The Sidgwick Site is one of the largest sites within the University of Cambridge, England.

Overview and history

The Sidgwick Site is located on the western side of Cambridge city centre, near the Backs. The site is north of Sidgwick Avenue and south of West Road, and is home to several of the university's arts and humanities faculties. The site is named after the philosopher Henry Sidgwick, who studied at Cambridge in the 19th century.   The site as it is now has its origins in plans drawn up by Casson and Conder in 1952 for making use of land to the west of the Cambridge city centre which was previously used mainly for sports. Much of the site's current architecture derives from these original plans. However, many faculty buildings, especially to the north of the site, have been designed by separate architects with little reference to the coherence of the site as a whole. In July 2002, the old Faculty of English, a converted Victorian villa, was demolished, and a more practical building designed by Allies and Morrison to reflect the needs of the faculty was completed in 2004. The Alison Richard Building, completed in 2012 and designed by Nicholas Hare Architects, brings together a number of different research groups (Interdisciplinary Geographical Centres), the new department of Politics and International Studies (POLIS) and the Centre for Research in Arts, Social Sciences and Humanities (CRASSH).

On 29 October 2006, Education Not For Sale supporters at Cambridge University organised the first occupation in the UK in protest at the introduction of top-up fees on the Sidgwick Site Lecture Hall, occupying it for 12 hours. In 2009, Cambridge Gaza Solidarity occupied three lecture theatres and the common area of the Law Faculty. On 22 February 2022, Cambridge Defend Education, a student-led campaign group, occupied a lecture block declaring support for the current University and College Union strike. Cambridge Students' Union, although not directly involved in the occupation issued a statement in support of the action, declaring themselves opposed to the marketisation of education.

Although less popular now, the site was formerly a thriving location with the local skateboarding community because of its undercover benches, numerous sets of stairs and L-shaped concrete banks.
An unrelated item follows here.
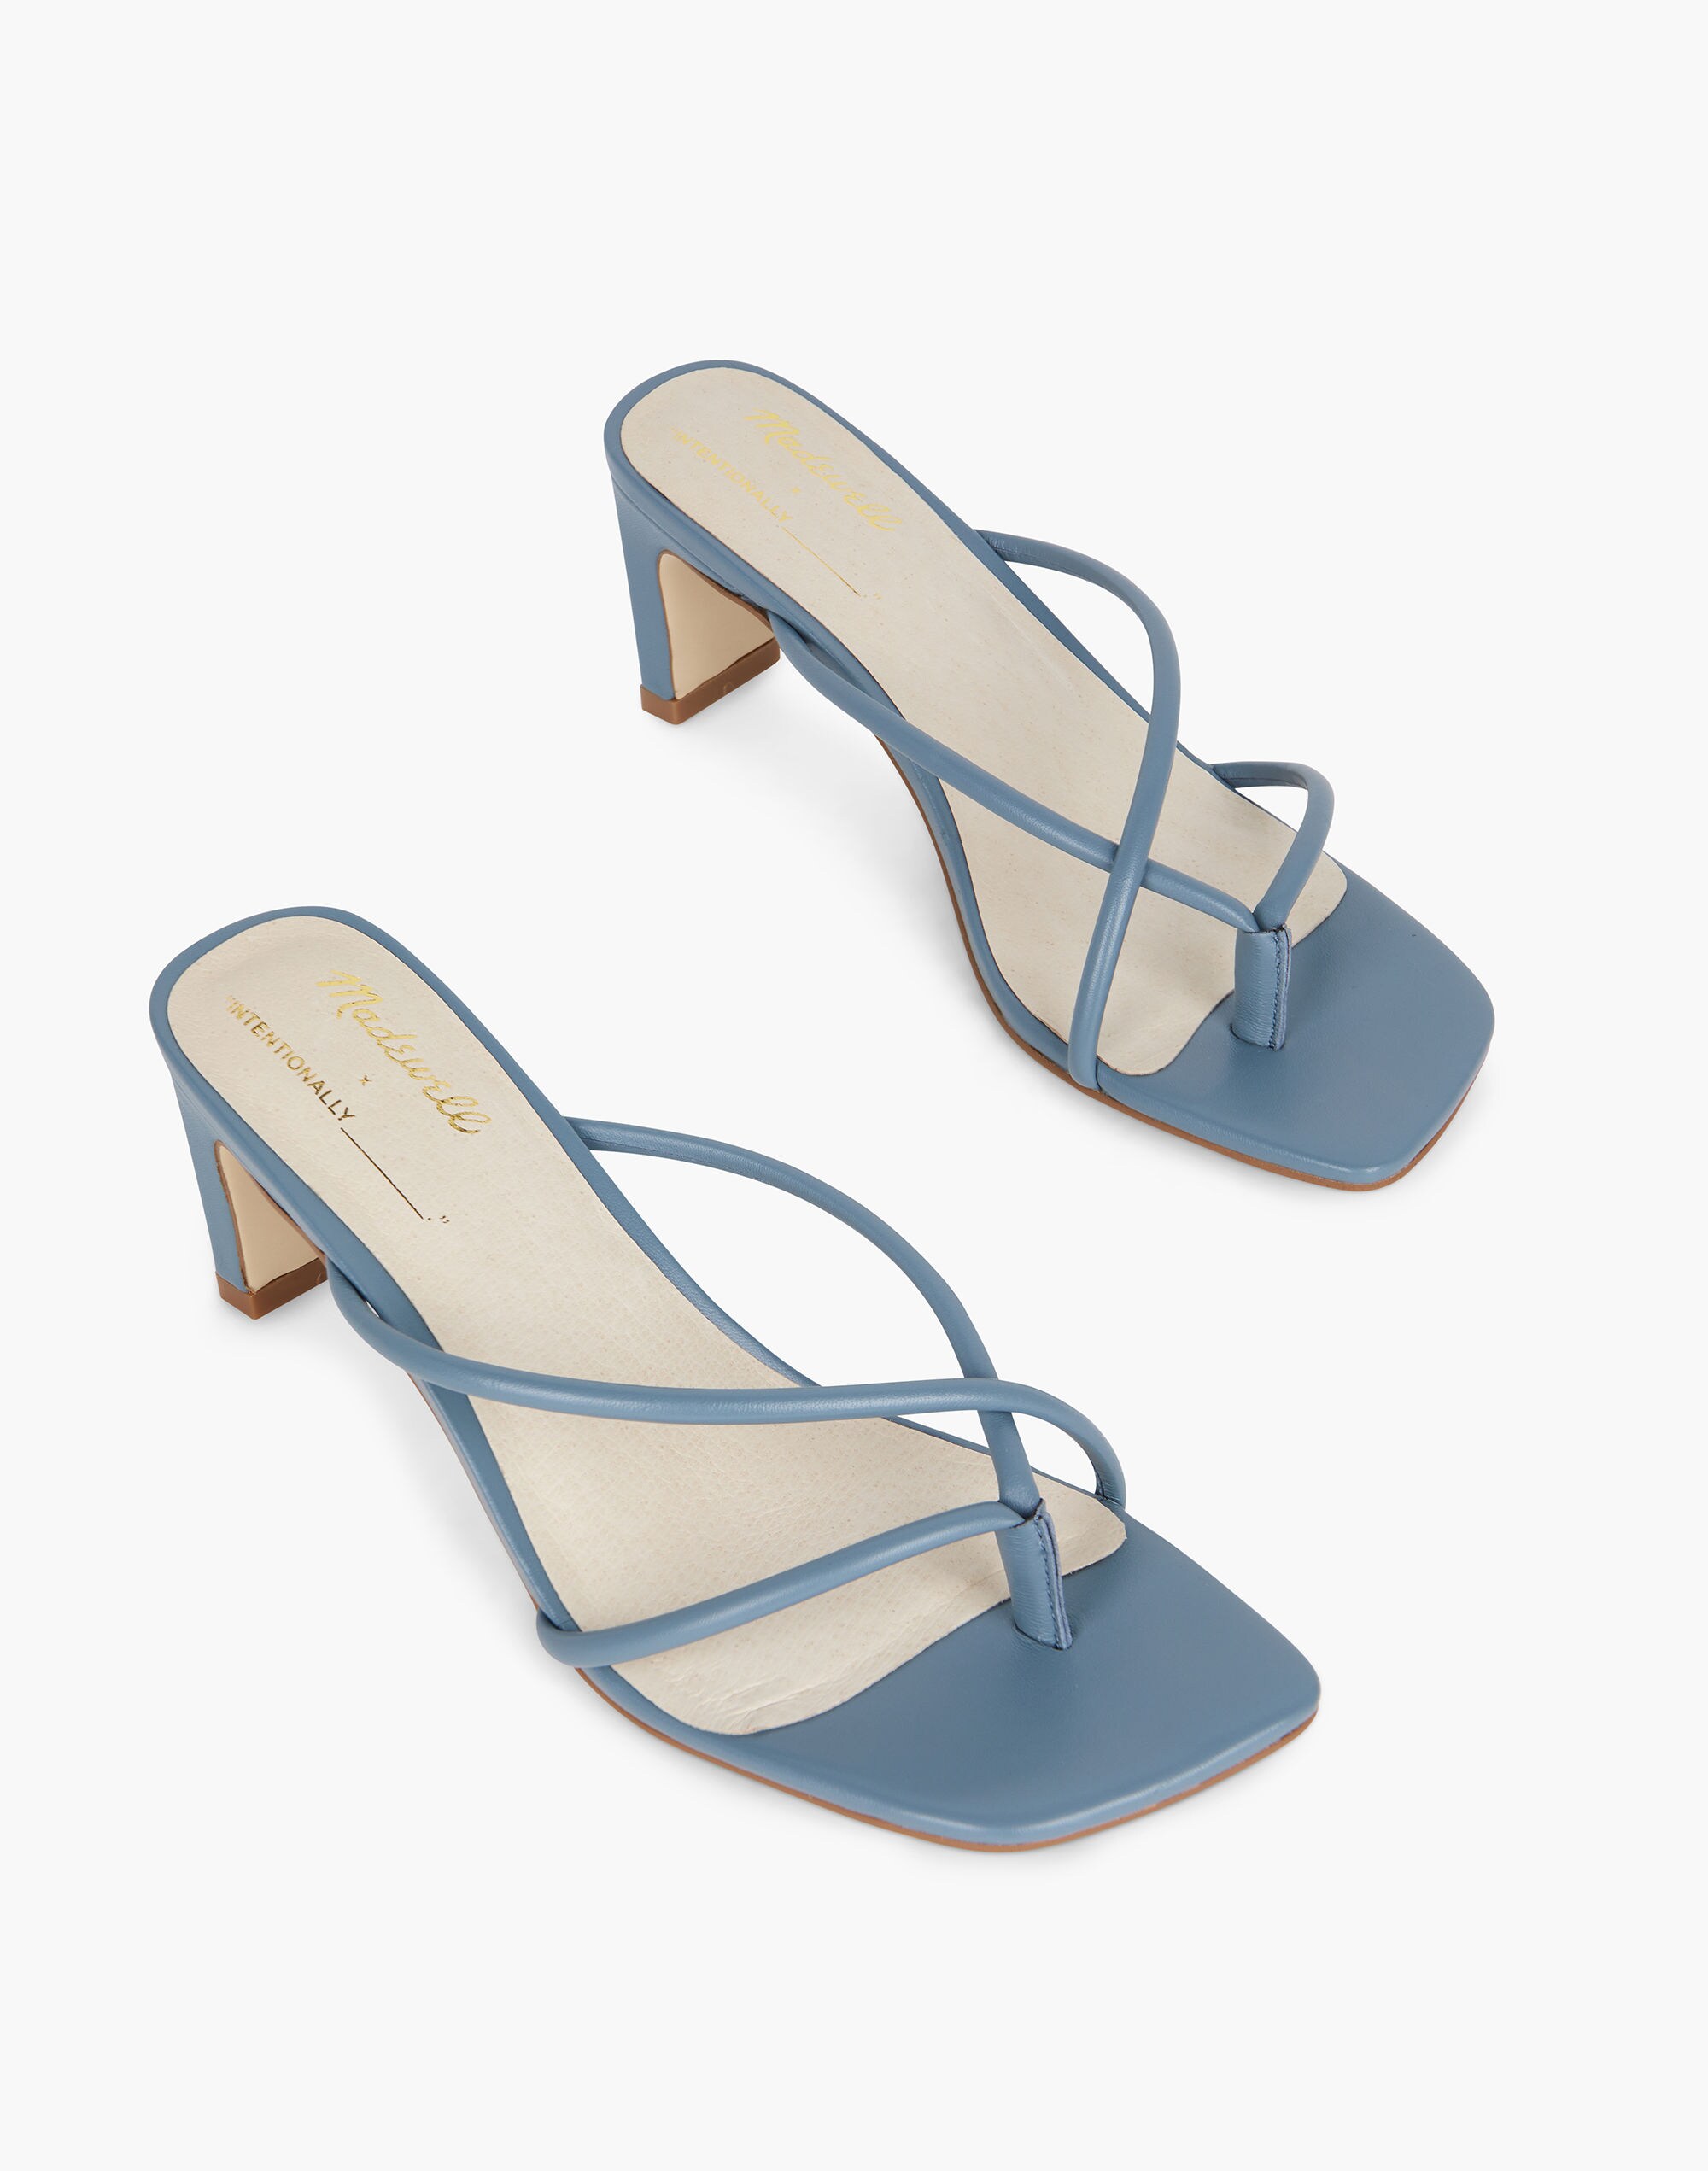 Madewell x Intentionally Blank Kelon Sandals in Robins Egg

These features have since been amended to discourage skateboarding.

Faculties on the Sidgwick Site

The following University of Cambridge faculties and departments are located on the site:

 Faculty of Asian and Middle Eastern Studies
 Faculty of Classics with the Museum of Classical Archaeology
 Faculty of English, incorporating the Anglo-Saxon, Norse and Celtic
 Faculty of Music
 Faculty of History
 Faculty of Law
 Department of Politics and International Studies
 Faculty of Modern & Medieval Languages
 Faculty of Economics
 Faculty of Divinity
 Faculty of Philosophy
 Institute of Criminology
 Centre of Latin American Studies

The Department of Land Economy is planned to move to the Sidgwick Site.

Facilities
The site has a buttery which sells snacks and drinks throughout the day with seating inside and a number of picnic tables outside. There is also an Origin8 which offers a soup of the day, hot panini and wraps, sandwiches, snacks, and various drinks, and a number of food and drink machines along with seating in basement of the Law faculty building. The Modern & Medieval Languages faculty has tea/coffee machines on all floors and a snack machine.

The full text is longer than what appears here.